WHAT YOU SHOULD DO: Please copy out the entries below exactly, beginning with the line that contains "schaebens-zweisamkeit-date-ideen-romantik" and ending with the line that contains "Drs. Eva Feldman and Lisa McGinley", and include nothing outside that span.

DATASET EXCERPTS:
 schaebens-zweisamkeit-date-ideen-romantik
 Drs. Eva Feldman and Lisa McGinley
--
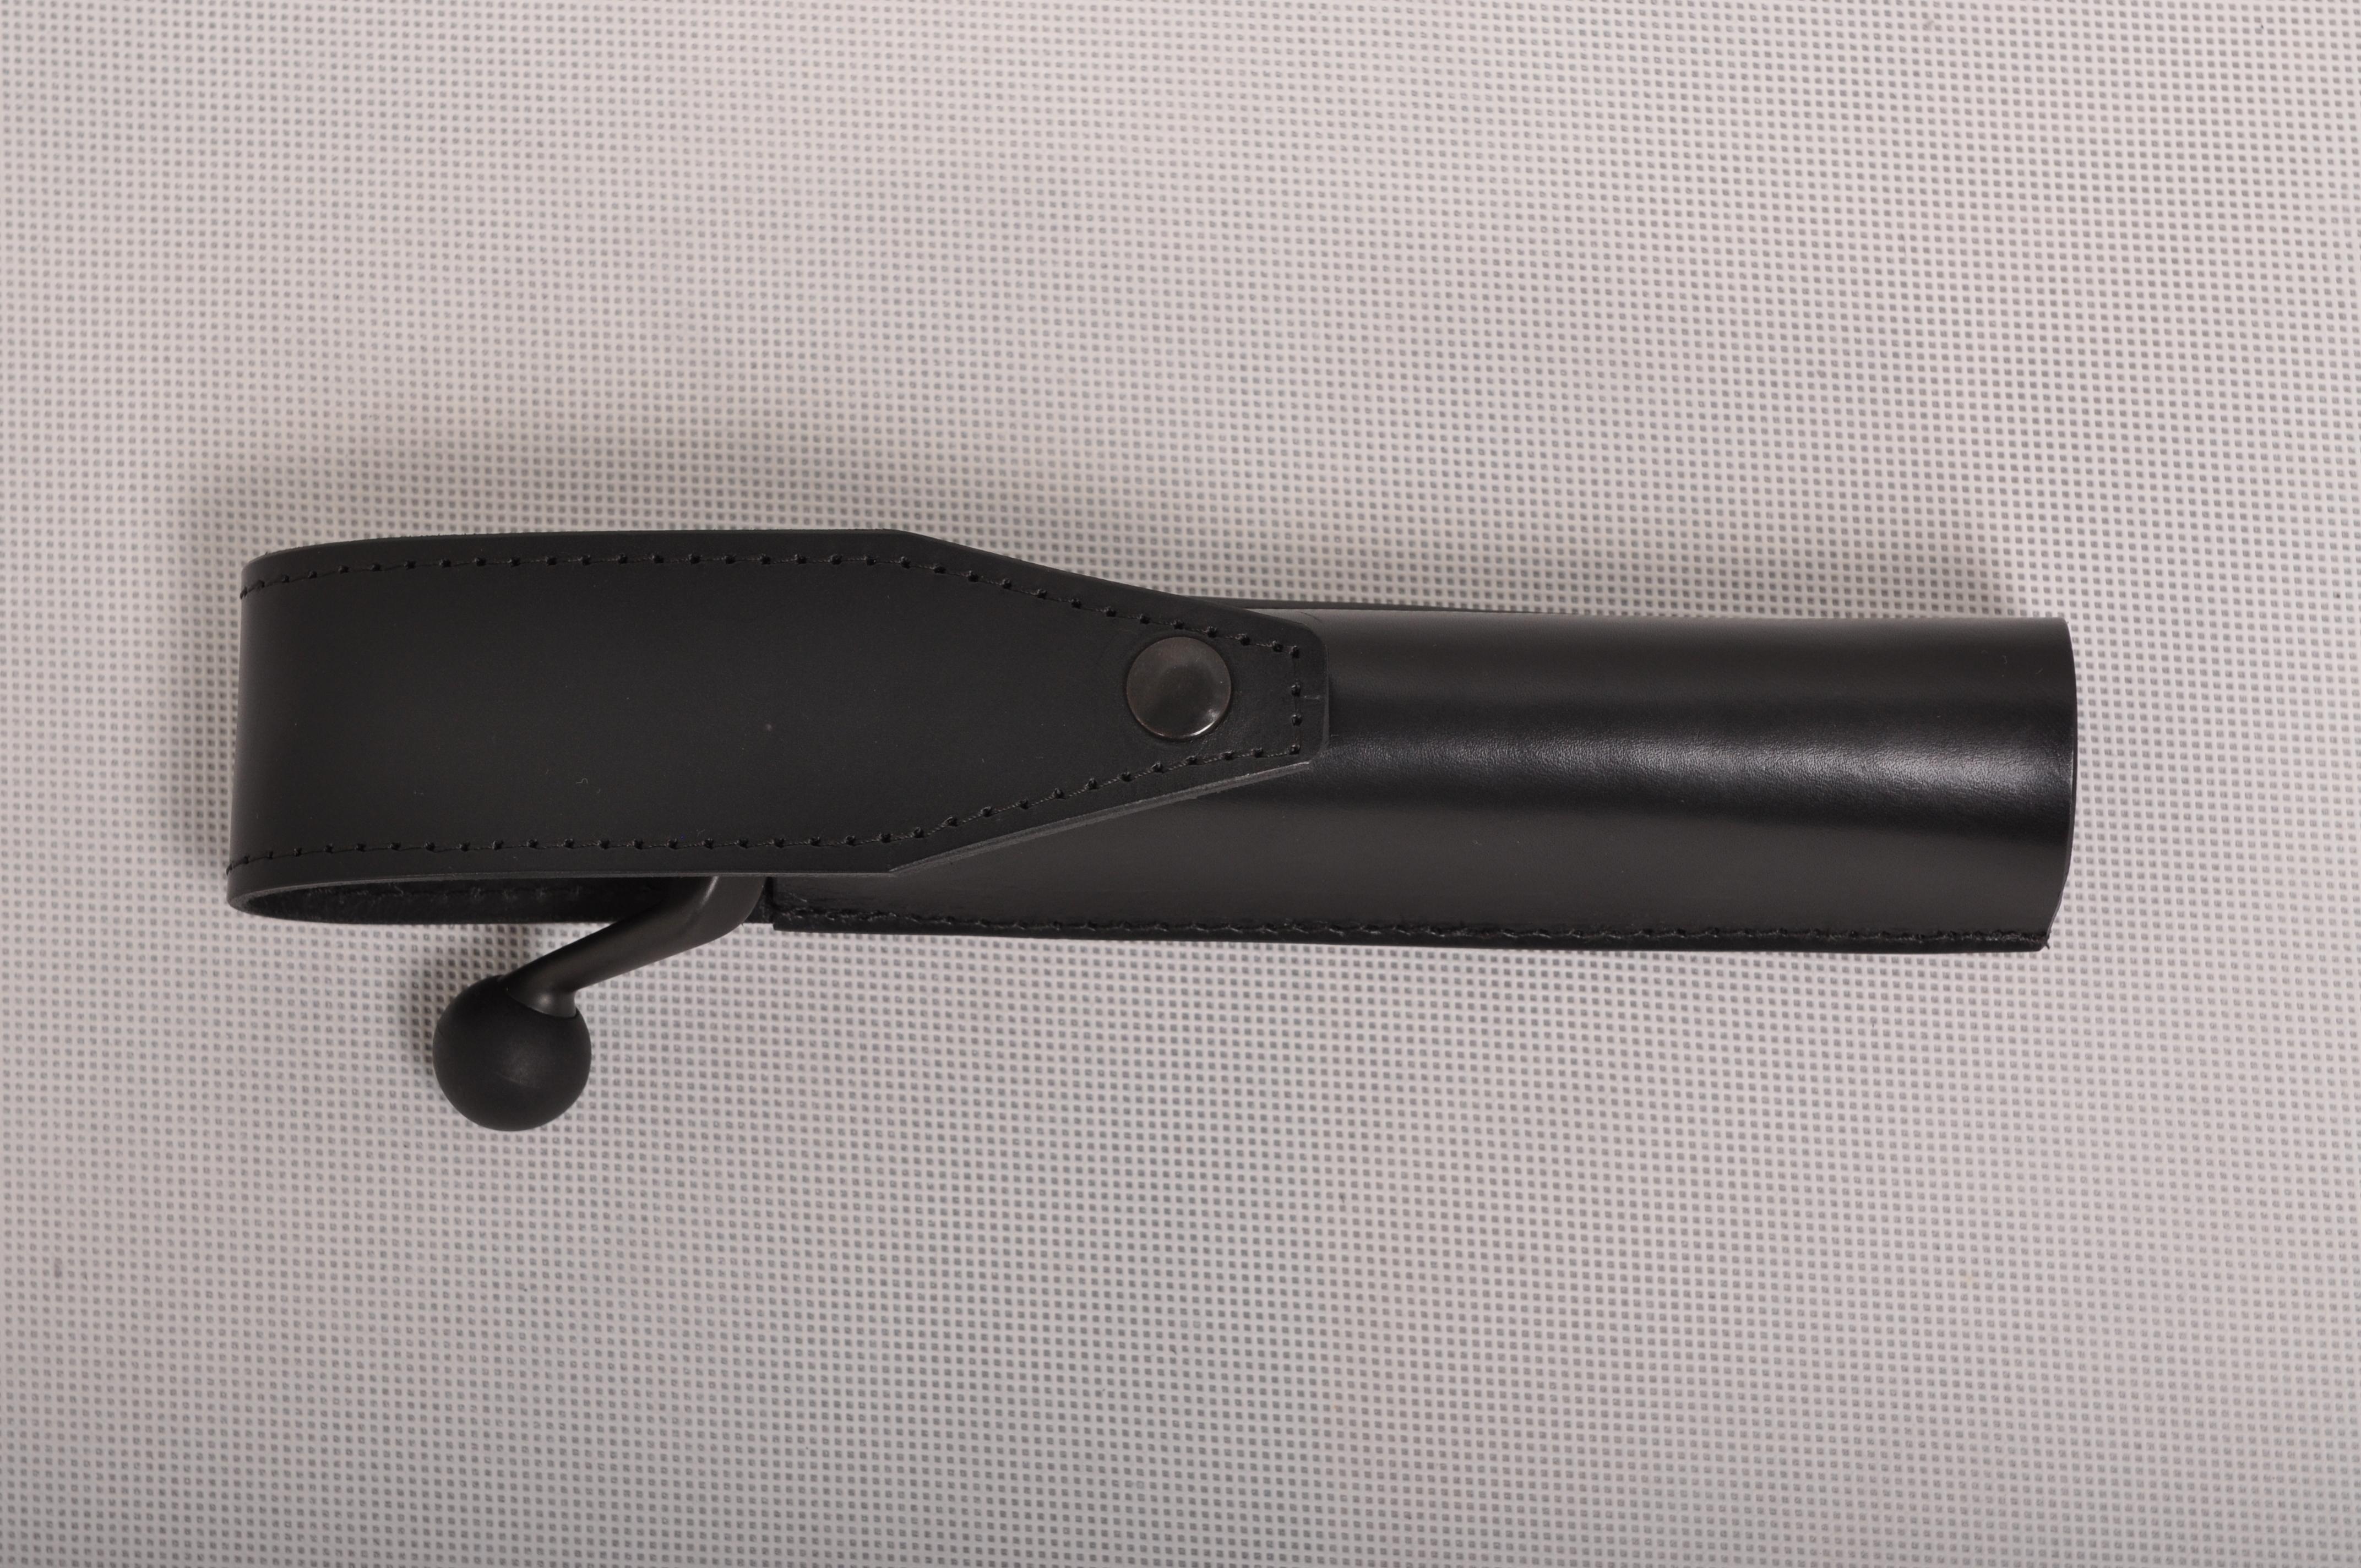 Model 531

EXPECTED ANSWER:
 schaebens-zweisamkeit-date-ideen-romantik
 Drs. Eva Feldman and Lisa McGinley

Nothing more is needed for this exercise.